◆ DATA LISTING:
■ ■ ■ ■

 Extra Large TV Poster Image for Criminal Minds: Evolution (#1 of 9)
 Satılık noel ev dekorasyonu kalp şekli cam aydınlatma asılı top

■ ■ ■ ■

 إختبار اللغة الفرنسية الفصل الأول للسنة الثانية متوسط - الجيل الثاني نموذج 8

■ ■ ■ ■

◆ TASK: Each line in the entries above, starting at the line with "Extra Large TV" and ending at the line with "Satılık noel ev", is to be printed exactly, and only those lines.

◆ OUTPUT OF THE EXERCISE:
 Extra Large TV Poster Image for Criminal Minds: Evolution (#1 of 9)
 Satılık noel ev dekorasyonu kalp şekli cam aydınlatma asılı top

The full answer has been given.